How much do volunteer large language model llm jobs pay per hour?

As of Jul 15, 2026, the average hourly pay for volunteer large language model llm in the United States is $19.14, according to ZipRecruiter salary data. Most workers in this role earn between $14.42 and $20.19 per hour, depending on experience, location, and employer.

What are Volunteer Large Language Model (LLM) roles?

Volunteer Large Language Model (LLM) roles involve individuals contributing their time and expertise to support the development, testing, or improvement of large language models. Volunteers may help by annotating data, testing models for biases, providing feedback, or assisting with community moderation and outreach. This work is important for advancing the accuracy, fairness, and usefulness of language models, and often takes place within open-source or academic projects. Volunteers typically do not receive monetary compensation but gain experience and contribute to impactful technology.

What is the difference between Volunteer Large Language Model Llm vs Data Annotator?

AspectVolunteer Large Language Model LlmData Annotator
Required credentialsNone or basic technical knowledgeBasic computer skills, sometimes specific software training
Work environmentRemote or online, collaborativeOffice or remote, task-specific
Industry usageAI development, NLP projectsData labeling, machine learning training
Common search intentUnderstanding AI model training rolesData labeling and annotation roles

Volunteer Large Language Models (LLMs) are involved in training and improving AI language models, often through collaborative, volunteer efforts. Data Annotators focus on labeling data to train machine learning models.
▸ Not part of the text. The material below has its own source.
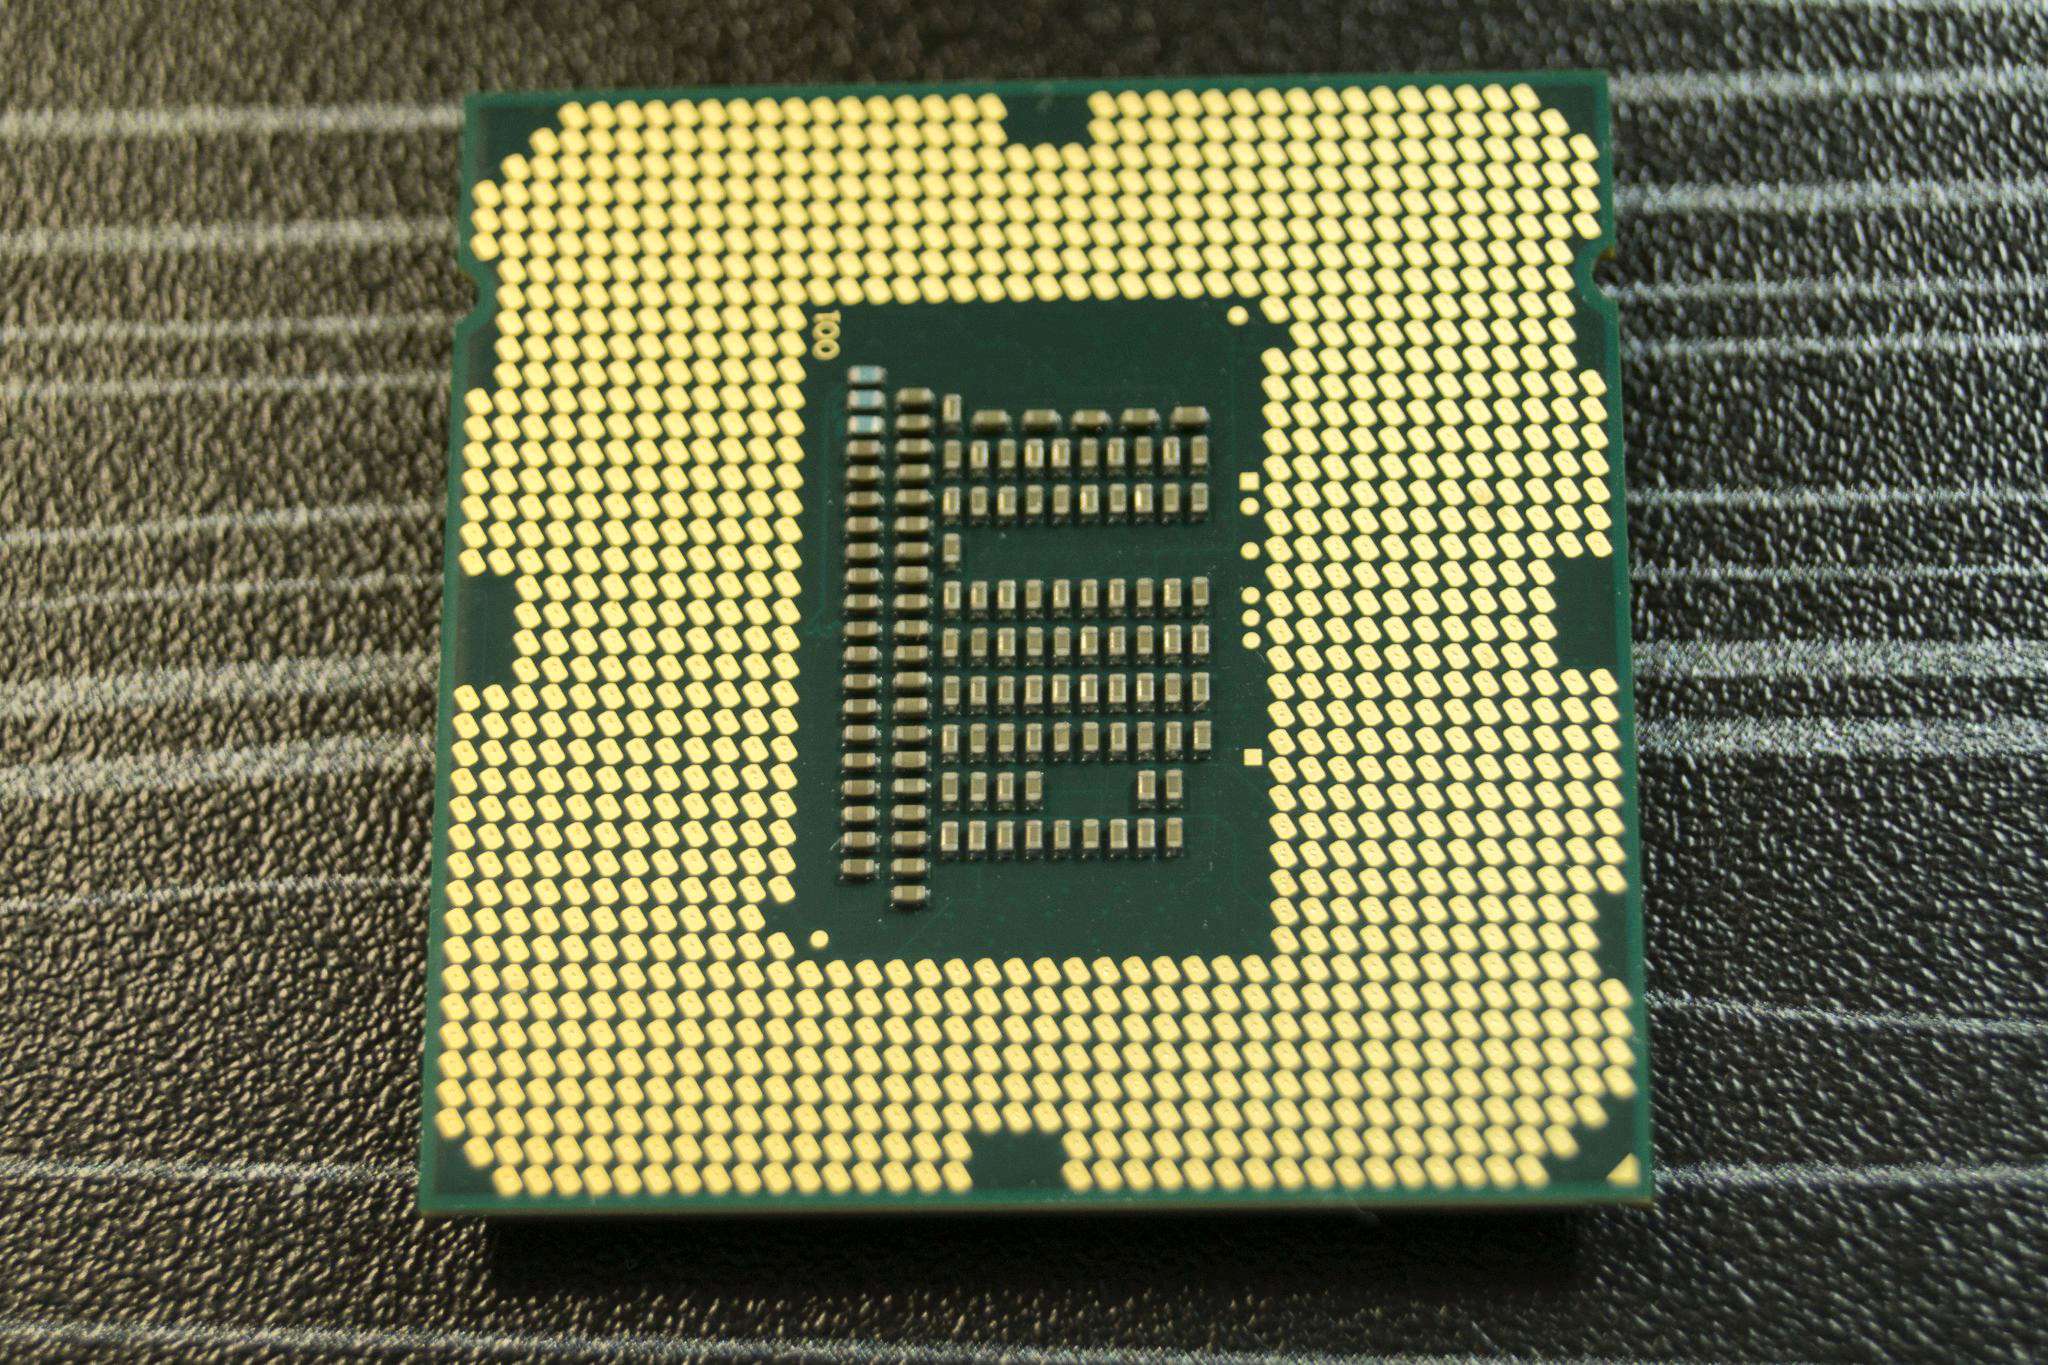 3220 сокет. Lga1155 Core i3. Core i3 3220 сокет. Сокет LGA 1155 (Socket h2). Intel Core i3-3220 CPU 3.30GHZ.

While both roles support AI development, LLM volunteers typically contribute to model training directly, whereas Data Annotators prepare data for such training.

What are some common challenges faced by Volunteer Large Language Model (LLM) contributors, and how can they be addressed?

Volunteer LLM contributors often encounter challenges such as coordinating with a distributed team, managing their time effectively alongside other commitments, and staying updated on rapidly evolving AI technologies. Collaboration tools like shared code repositories and communication platforms help streamline teamwork and reduce miscommunication. To address these challenges, it's helpful to set clear expectations, regularly participate in team meetings, and proactively seek feedback from experienced contributors. This approach not only fosters a supportive environment but also enhances your learning experience and impact.

What are the key skills and qualifications needed to thrive as a Volunteer Large Language Model LLM, and why are they important?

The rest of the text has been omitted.